Sunday, November 17, 2024 12:37 AM
Kioxia files for an IPO targeting December, marking a significant move in Japan's tech sector.
TOKYO: In a significant move for the technology sector, Japanese chipmaker Kioxia has officially filed for an Initial Public Offering (IPO) on Friday. This decision comes after a previous attempt was halted in October due to investor concerns regarding the company's valuation. Kioxia, which is backed by Bain Capital, is now aiming for a December launch for its IPO, marking a renewed effort to enter the public market.
The IPO registration is particularly noteworthy as Kioxia is the first company to operate under Japan's new rules that allow firms to engage with potential investors prior to receiving listing approval from the Tokyo Stock Exchange. This innovative approach could pave the way for other companies looking to go public in the future.
Sources familiar with the situation have indicated that Kioxia expects to receive the necessary approval by late November.

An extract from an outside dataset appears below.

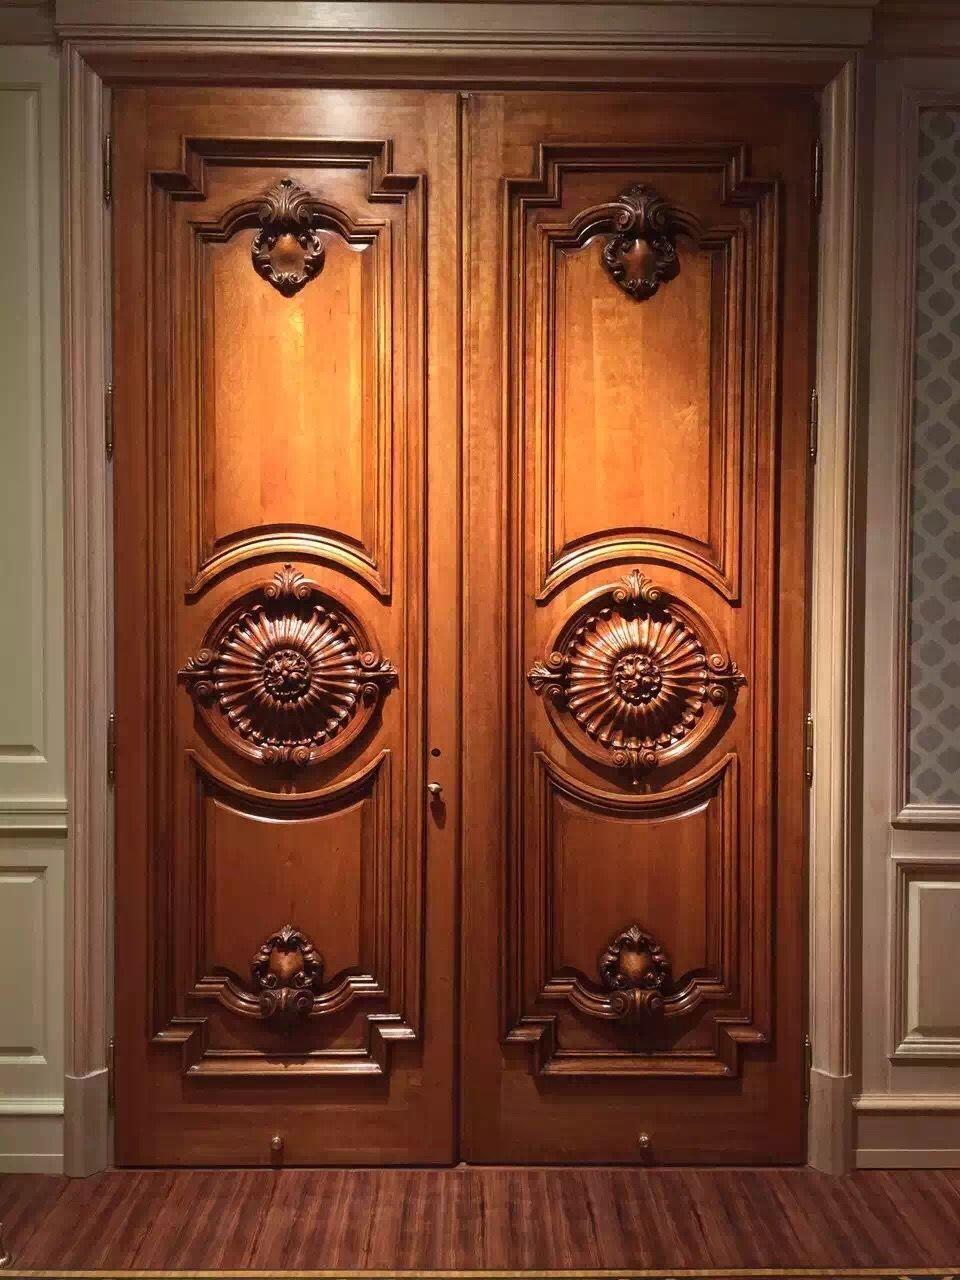 Pin By Galaxy Art On Doors Doors Wood Doors Double Door Design Wooden Main Door Wooden Main Door Design Double Door Design

At that time, the indicative price for the shares will also be revealed. The company’s filings suggest that it plans to conduct the IPO sometime between December and June, providing a window of opportunity for investors.
Kioxia was acquired from Toshiba six years ago for a staggering 2 trillion yen. Since then, it has been operating under Bain Capital's guidance, paying an annual business consulting fee of 1 billion yen. However, this fee will come to an end with the IPO, and Kioxia will owe Bain an additional 3.5 billion yen upon going public.
In the competitive landscape of memory chips, Kioxia faces tough rivals such as Samsung Electronics and SK Hynix. The company has recently experienced challenges due to a downturn in the memory chip market, raising questions about the sustainability of a recent price recovery. Nevertheless, there are signs of optimism; Kioxia reported a 32 percent increase in operating profit, reaching 166 billion yen in the July-September quarter compared to the previous three months.
Looking ahead, Kioxia plans to expand its production capacity, particularly in response to the growing demand for chips used in artificial intelligence applications. The company is well-known for its focus on NAND flash memory, a technology it pioneered in the 1980s. Notably, major clients like Apple and Dell account for 21 percent and 9 percent of Kioxia's sales, respectively, highlighting the company's significant role in the tech supply chain.
As Kioxia prepares for its IPO, it is essential to consider the broader implications of this move. The success of Kioxia's public offering could not only bolster its financial standing but also serve as a bellwether for the semiconductor industry in Japan. Investors will be watching closely to see how Kioxia navigates the challenges ahead and whether it can capitalize on the growing demand for advanced memory solutions.